IVA y retenciones. Comprueba si la transferencia genera IVA. La transferencia de una empresa completa a menudo no lo genera. La venta de activos individuales sí podría. Si eres un profesional que aplica retenciones en las facturas (retención: una pequeña parte de los honorarios que se envía a la agencia tributaria por adelantado), esto cambiará en la estructura de la empresa.
Seguridad social. Como socio gestor con participación accionaria relevante, espera el pago de la tasa de retención de impuestos (RETA) para los directores de la empresa. Presupuesta la cuota mensual. Con el nuevo sistema, las cuotas dependen de tus ingresos previstos. Muchos fundadores lo olvidan y luego reciben una factura atrasada.
Banca y seguros. Abre una cuenta bancaria para la empresa. Gestiona los pagos recurrentes. Reemite las pólizas de seguro para que la empresa sea la titular cuando sea necesario.
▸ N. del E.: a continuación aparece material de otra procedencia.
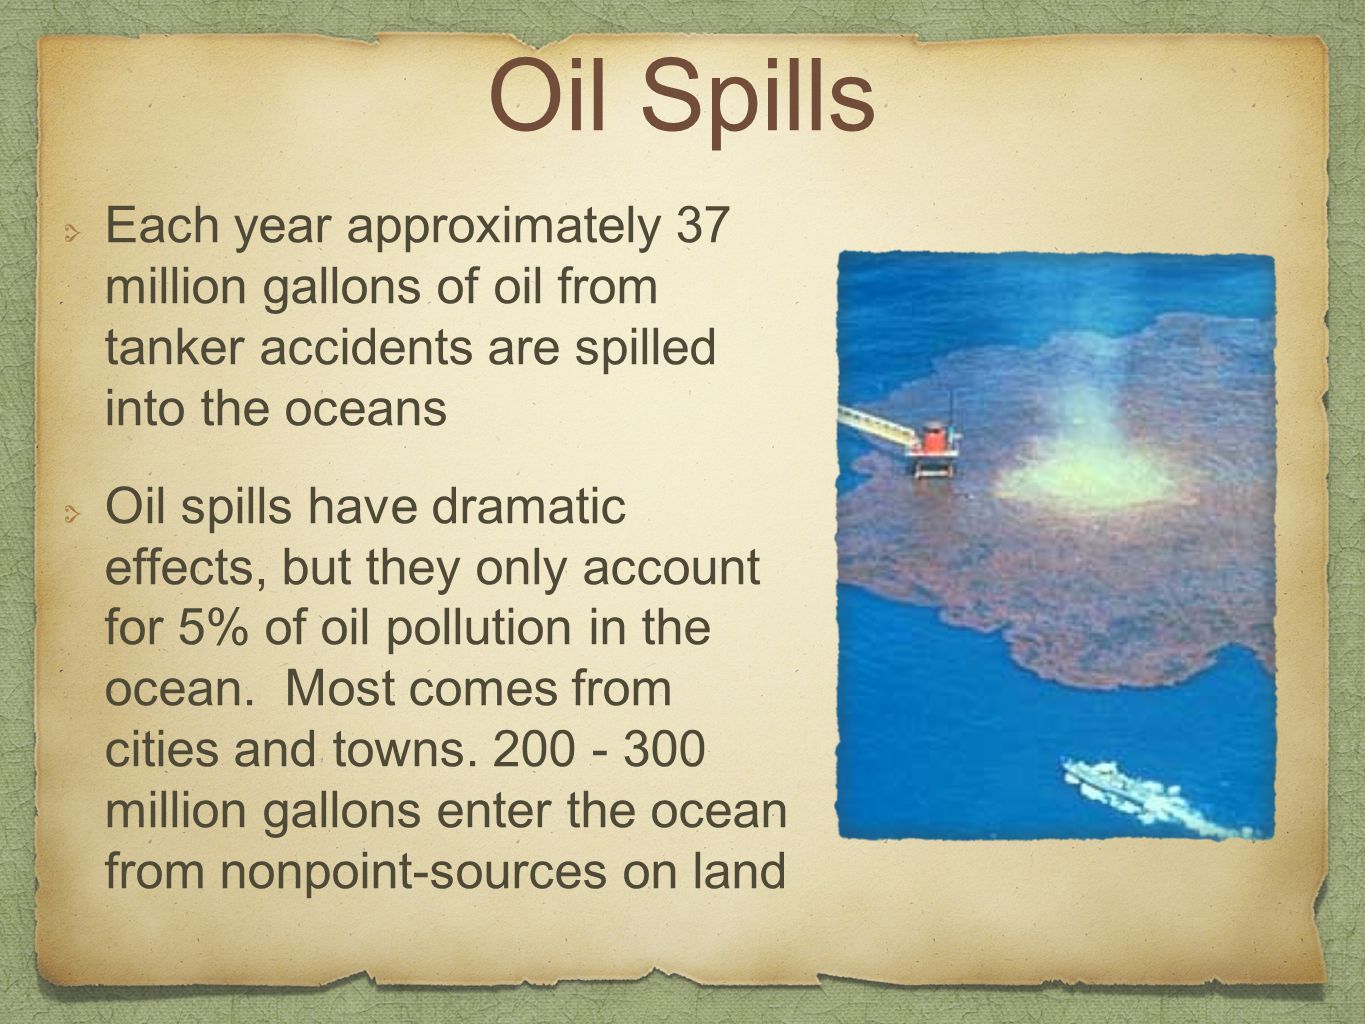 Oil Spills Each year approximately 37 million gallons of oil from tanker accidents are spilled into the oceans.
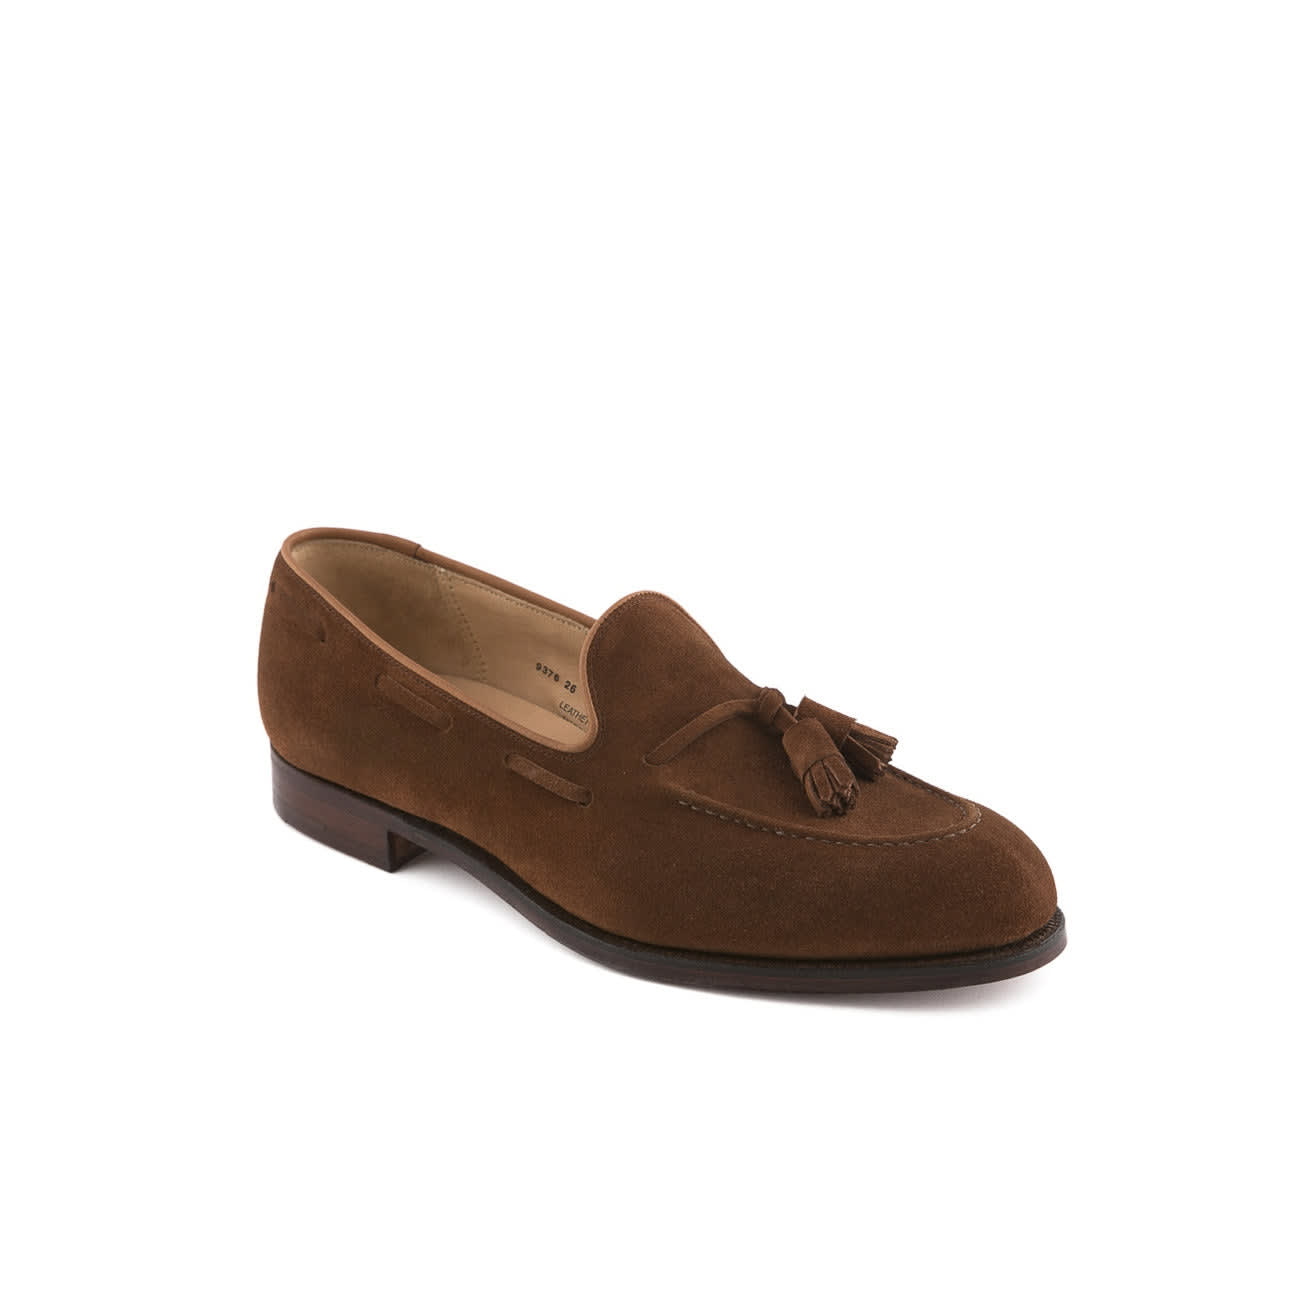 Cavendish 2 Polo Brown Suede Tassel Loafer

Contabilidad y libros contables. Una sociedad limitada debe llevar una contabilidad completa, legalizar los libros anualmente (presentar copias oficiales) y presentar las cuentas anuales. Presupuesta el apoyo contable mensual. Esto representa un coste y un tiempo considerables.
Conclusión
Empieza como autónomo si estás haciendo pruebas, el riesgo es bajo y los beneficios son modestos. Cambia a sociedad limitada cuando los beneficios se estabilicen por encima de los 40.000-50.000 euros, tengas previsto contratar personal, quieras responsabilidad limitada o vayas a reinvertir los beneficios. Esto simplifica la gestión al principio, protege el patrimonio y optimiza los impuestos cuando importa. Si tienes dudas, elige una fecha para el cambio, simula ambos escenarios fiscales para los próximos 12 meses y elige la opción más sencilla.